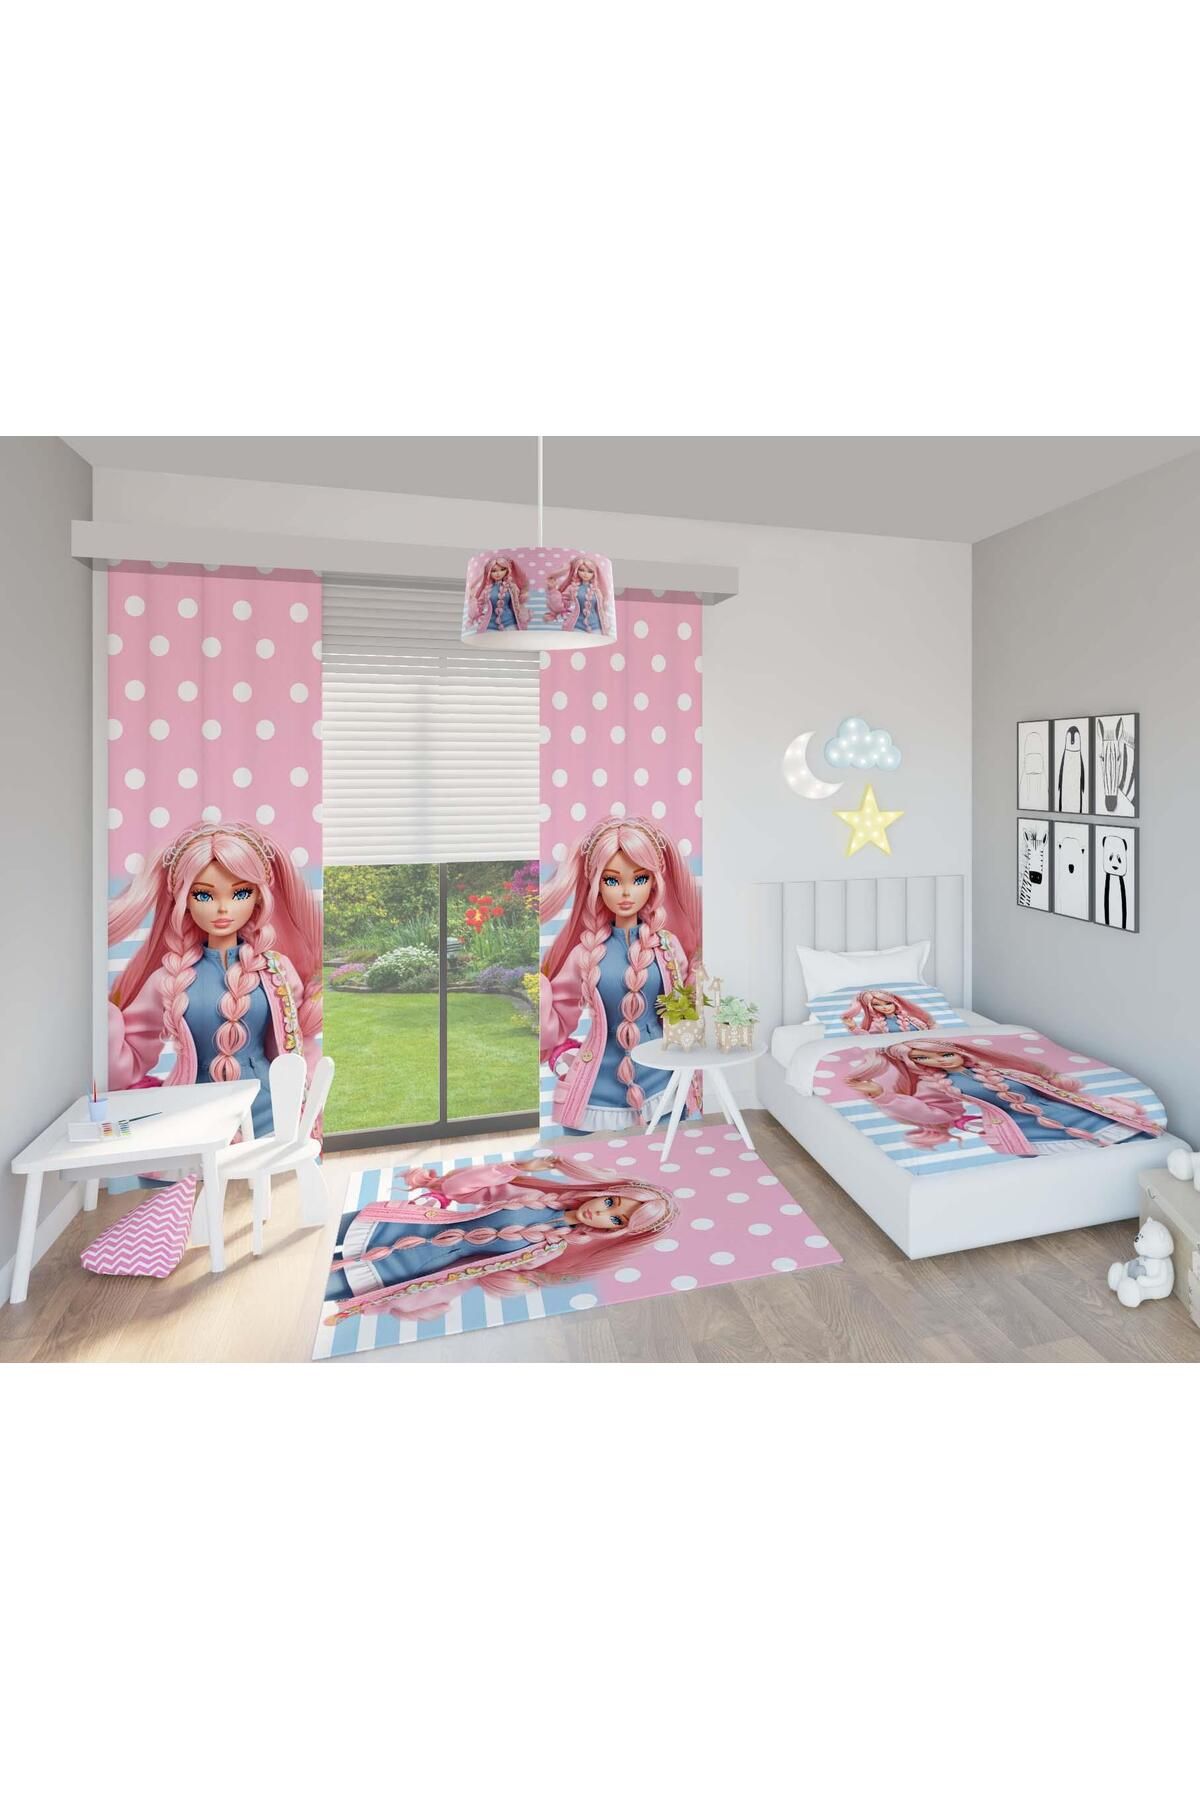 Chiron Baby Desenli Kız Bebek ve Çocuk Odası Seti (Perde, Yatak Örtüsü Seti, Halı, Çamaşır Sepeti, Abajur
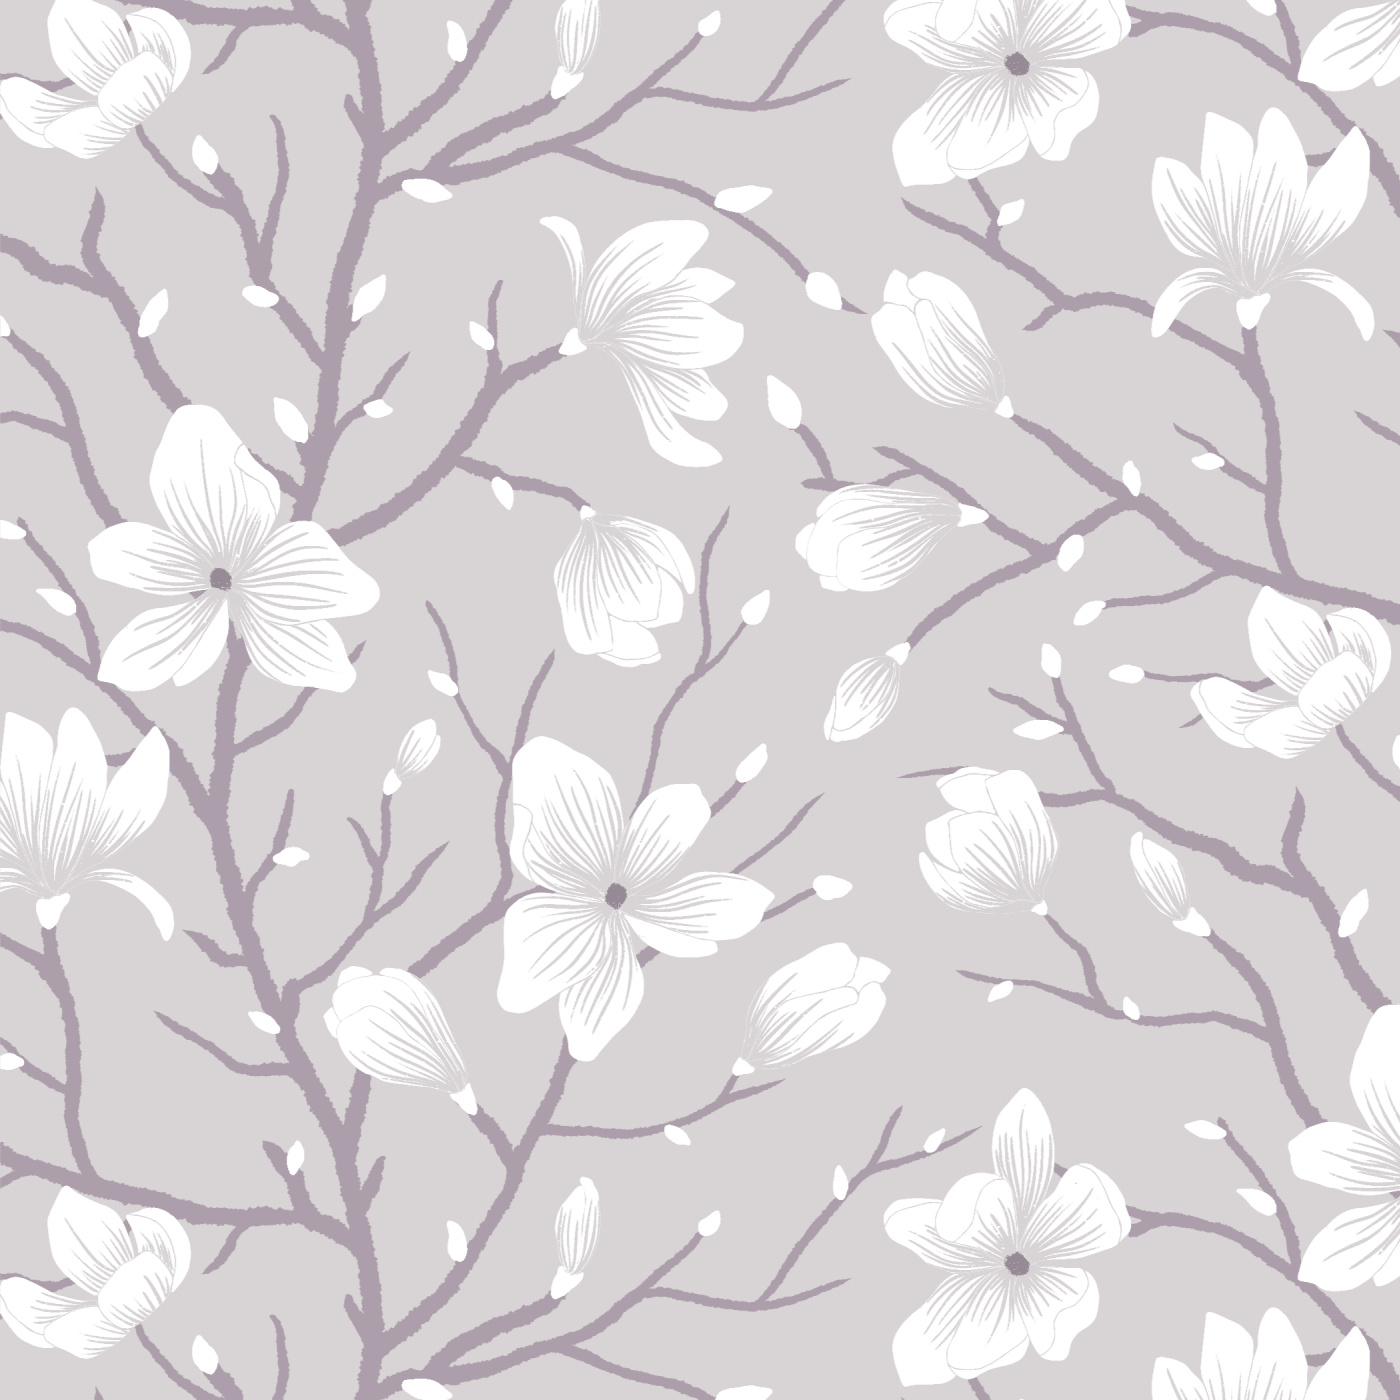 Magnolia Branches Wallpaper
...
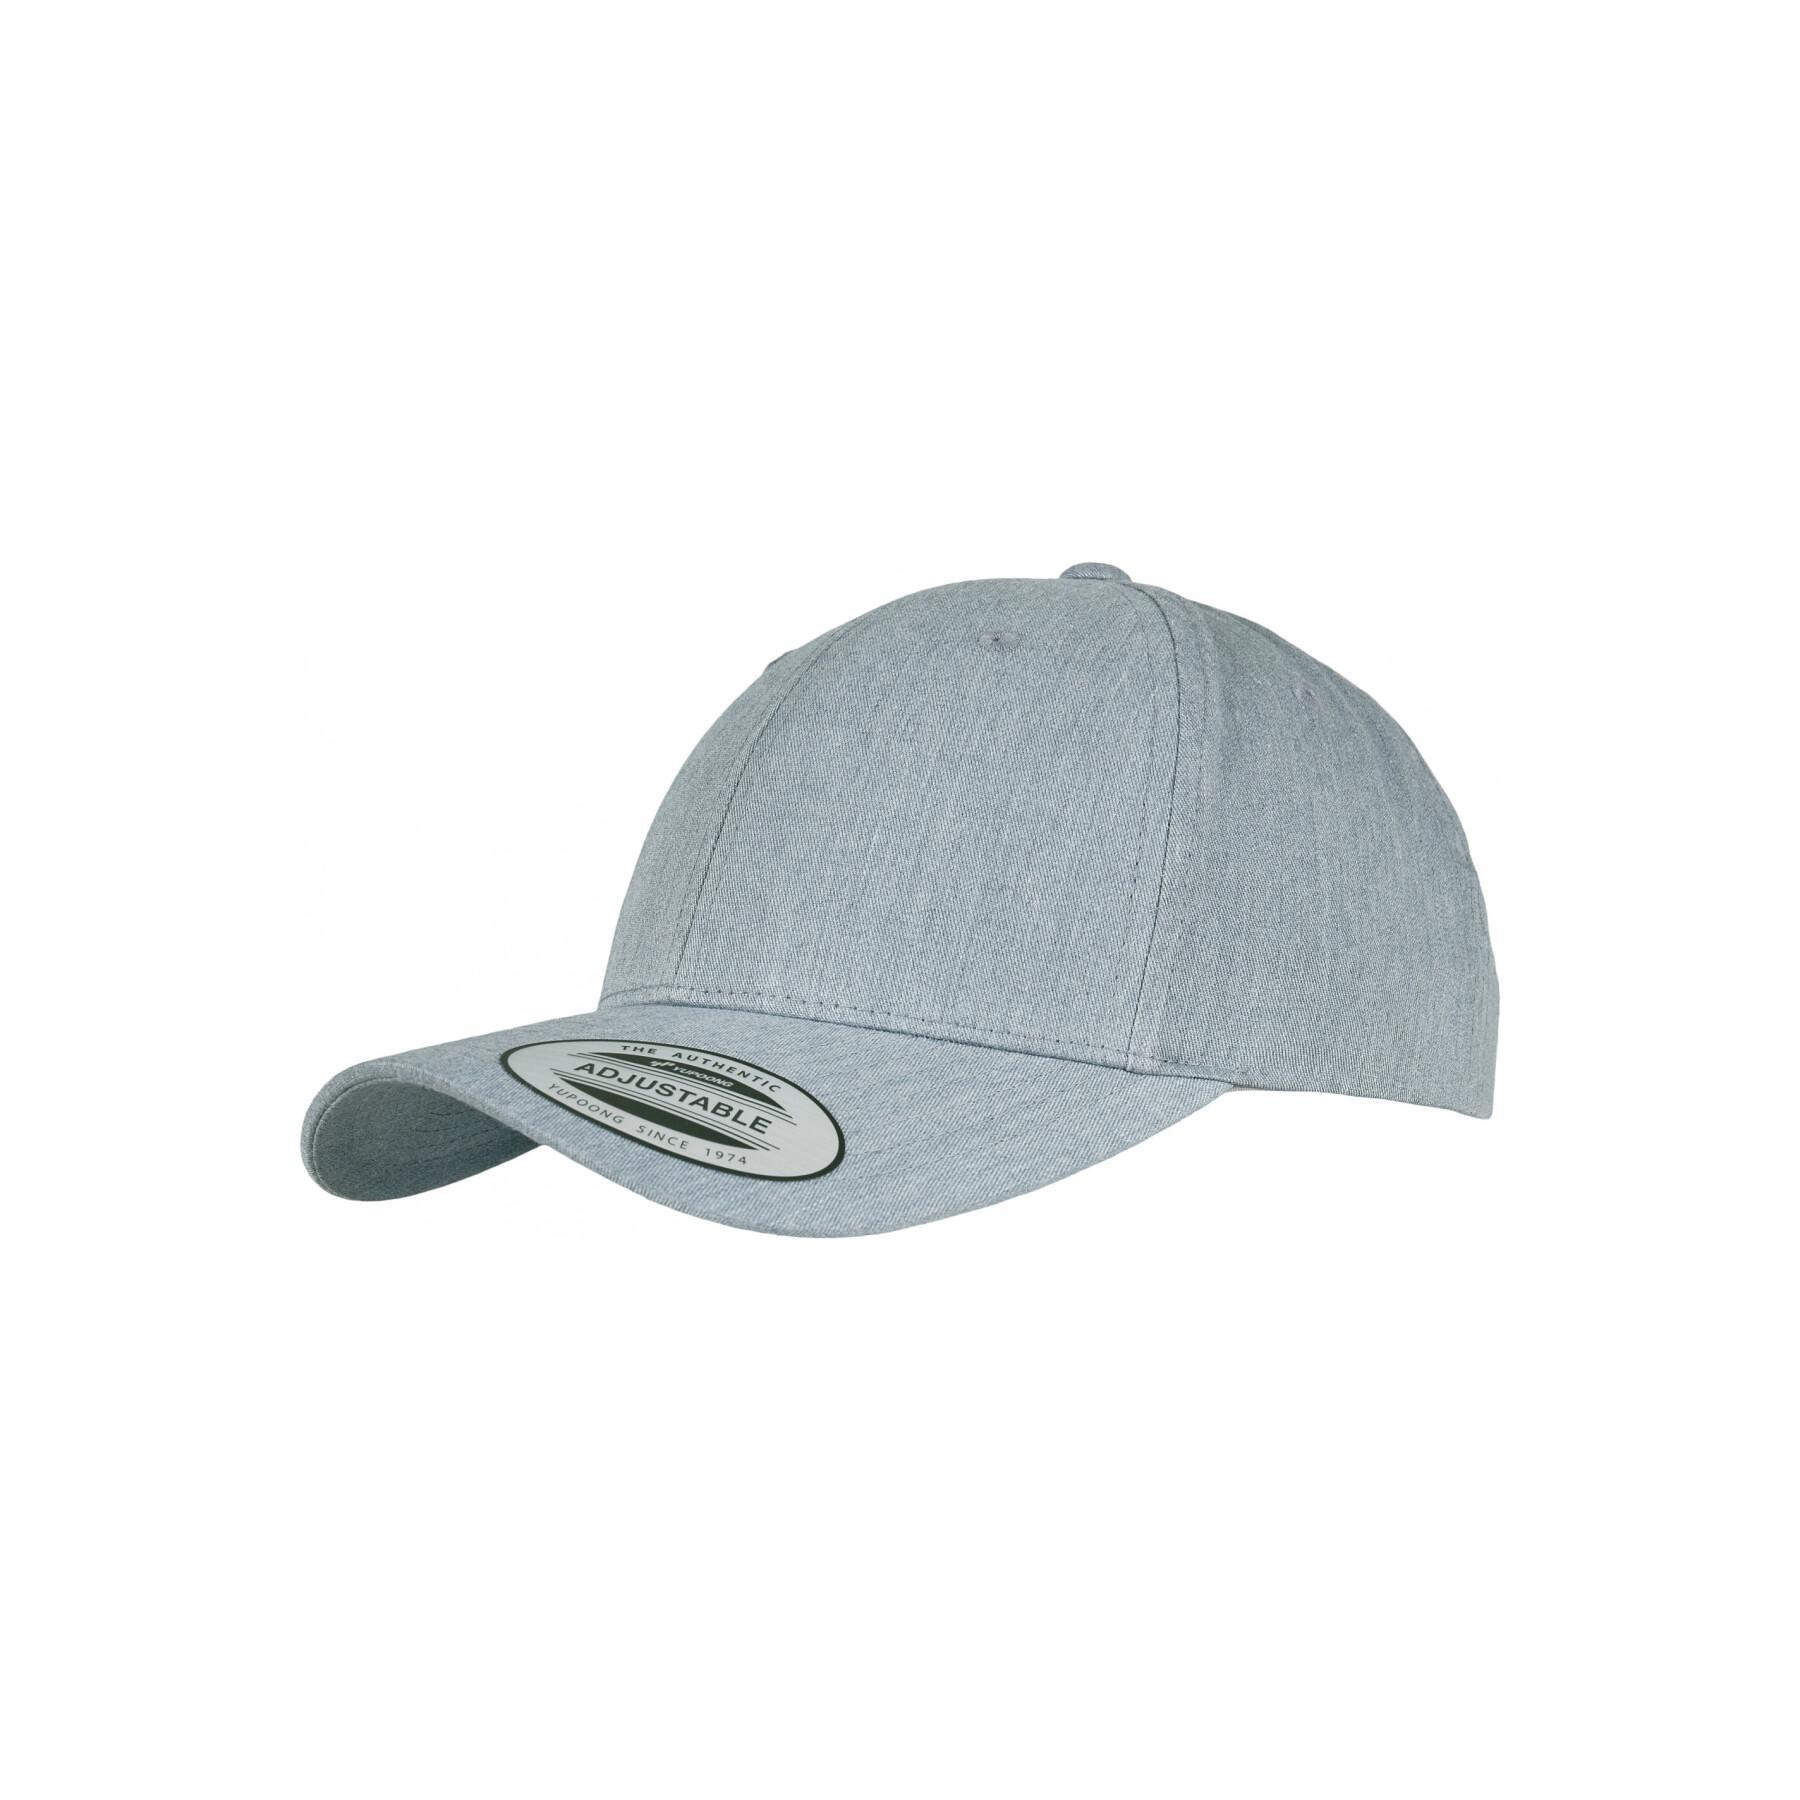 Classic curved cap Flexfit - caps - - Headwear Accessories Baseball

TRY IT
For the material above, give again only the lines starting at the line that contains "Chiron Baby Desenli" and ending at the line that contains "Magnolia Branches Wallpaper". Pictures do not belong in the copy.

SOLUTION TO THIS EXERCISE
 Chiron Baby Desenli Kız Bebek ve Çocuk Odası Seti (Perde, Yatak Örtüsü Seti, Halı, Çamaşır Sepeti, Abajur
 Magnolia Branches Wallpaper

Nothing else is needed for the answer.